Jetzt wird der noch nicht ausgeschüttete Restanspruch zusammen gefasst.  Der Anspruch entsteht zum 31.12.2006. Eine gewinnausschüttungsunabhängige Auszahlung erfolgt aber erst ab 2008 bis 2017.  

  •  Datenzugriff der Finanzverwaltung zulässig

Nach der Abgabenordnung( § 147)  ist der Finanzbehörde das Recht eingeräumt, die mit Hilfe eines Datenverarbeitungssystems erstellte Buchführung des Steuerpflichtigen durch Datenzugriff zu prüfen. Diese neue Prüfungsmethode tritt neben die Möglichkeit der herkömmlichen Prüfung. Das Recht auf Datenzugriff steht der Finanzbehörde nur im Rahmen steuerlicher Außenprüfungen zu. Durch die Regelungen zum Datenzugriff wird der sachliche Umfang der Außenprüfung § 194 AO) nicht erweitert; er wird durch die Prüfungsanordnung § 196 AO ,§ 5 BpO bestimmt. Gegenstand der Prüfung sind wie bisher nur die nach § 147 AO aufbewahrungspflichtigen Unterlagen. Es ist jedoch erforderlich, die Prüfungsmethoden den modernen Buchführungstechniken anzupassen.

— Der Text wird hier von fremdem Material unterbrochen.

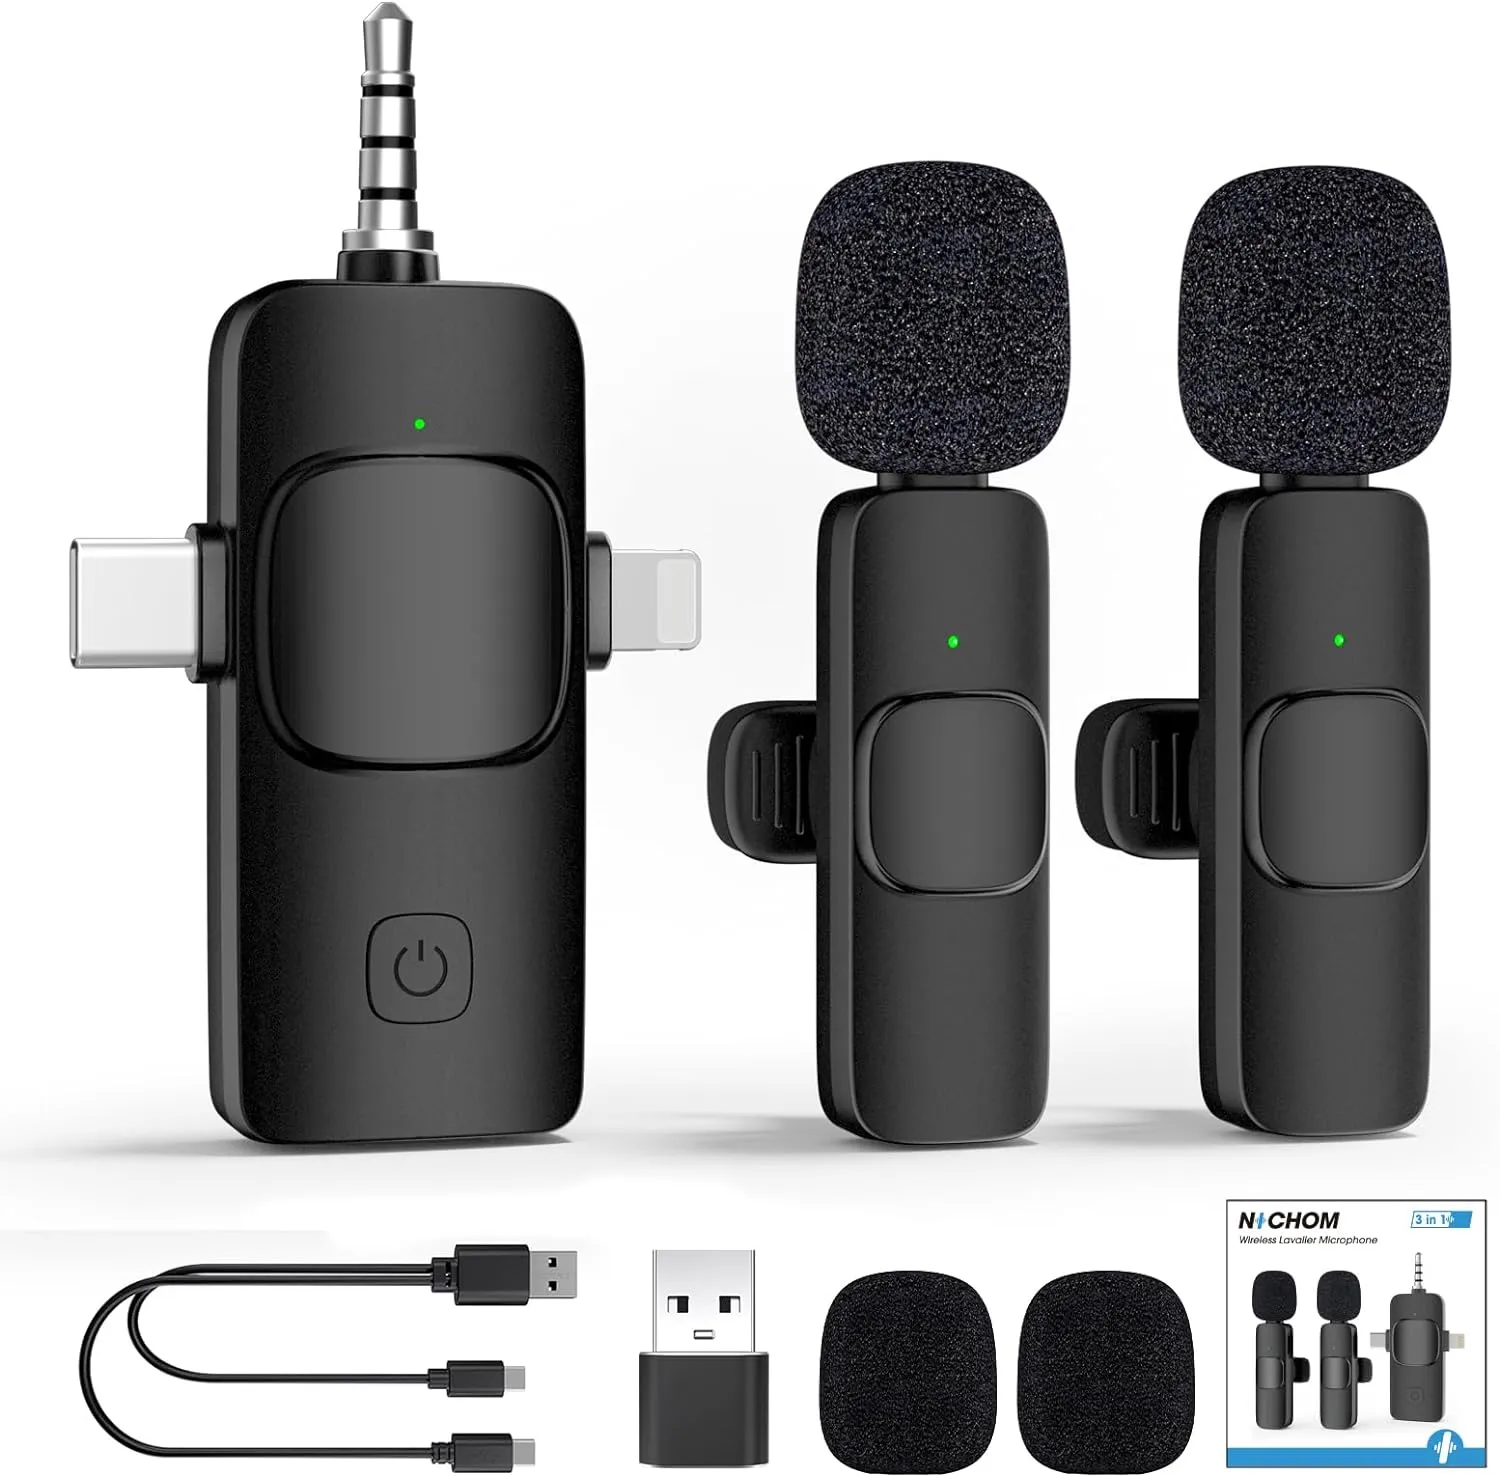 NICHOM 3 in 1 Wireless Microphone for iPhone, iPad, Android, Camera, Mini Microphones USB C, 12Hs Working Time, Lavalier Mic
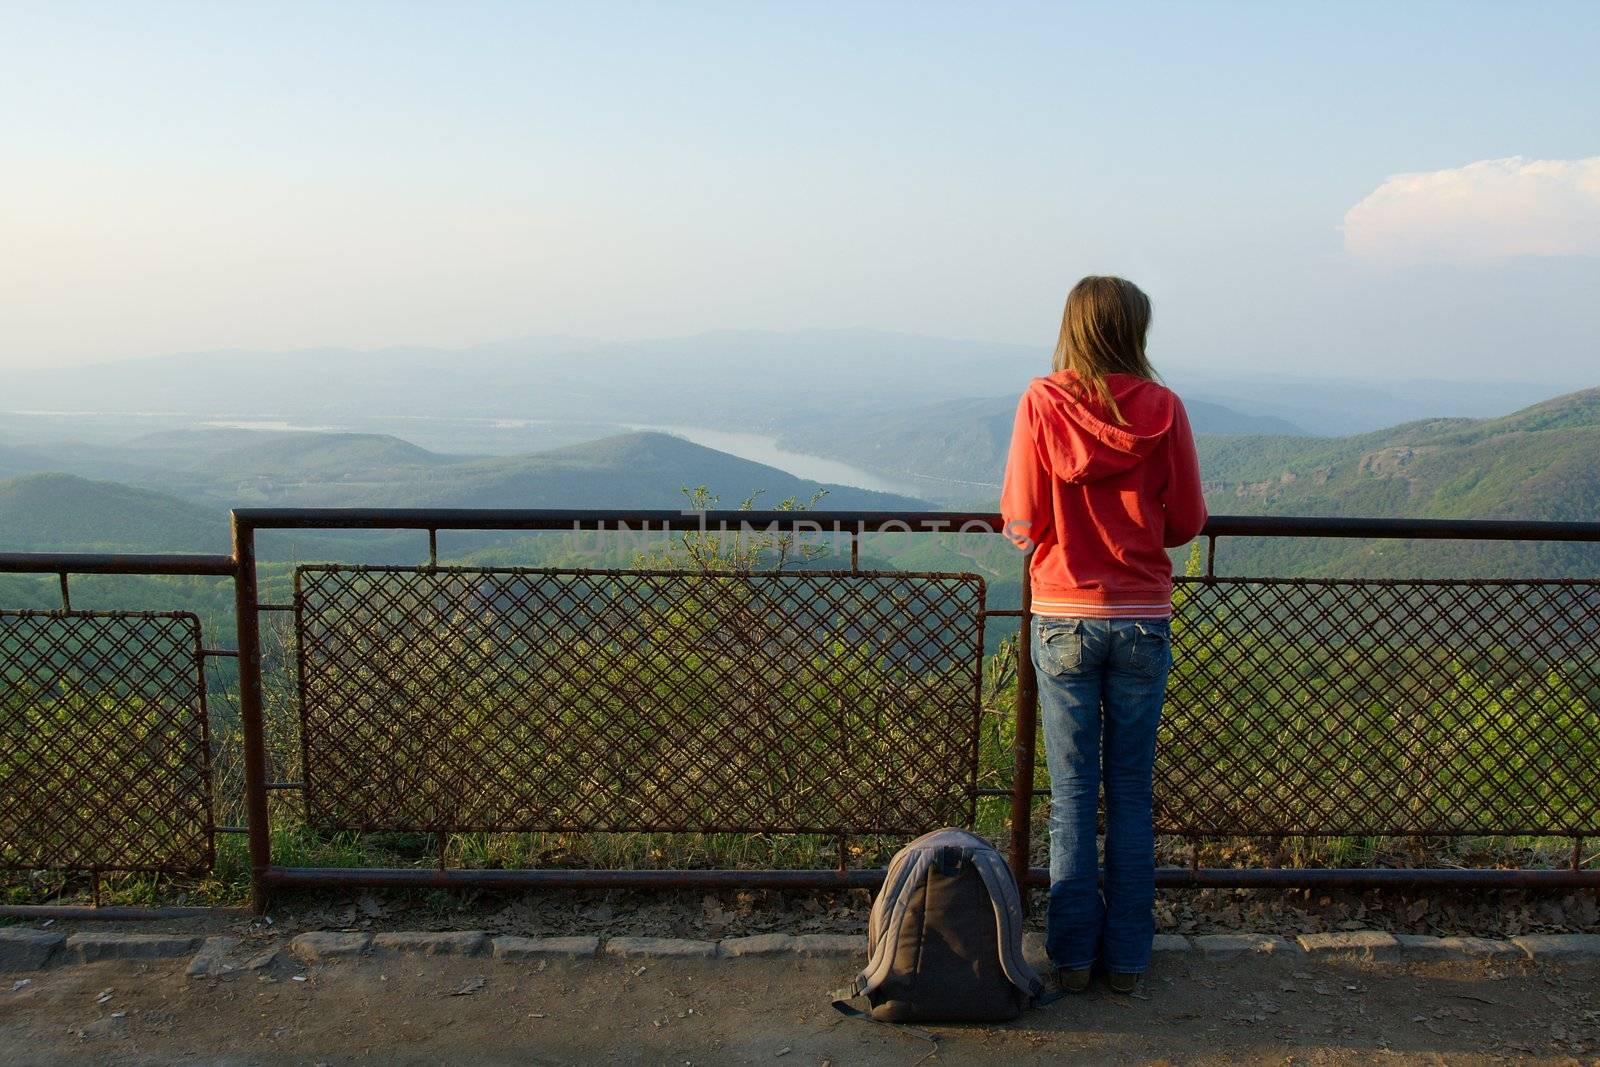 Girl enjoying the view on the landscape

Dies gilt um so mehr, als in zunehmendem Maße der Geschäftsverkehr papierlos abgewickelt wird und ab dem 1.1.2002 der Vorsteuerabzug aus elektronischen Abrechnungen mit qualifizierter elektronischer Signatur und Anbieter-Akkreditierung nach dem Signaturgesetz möglich ist.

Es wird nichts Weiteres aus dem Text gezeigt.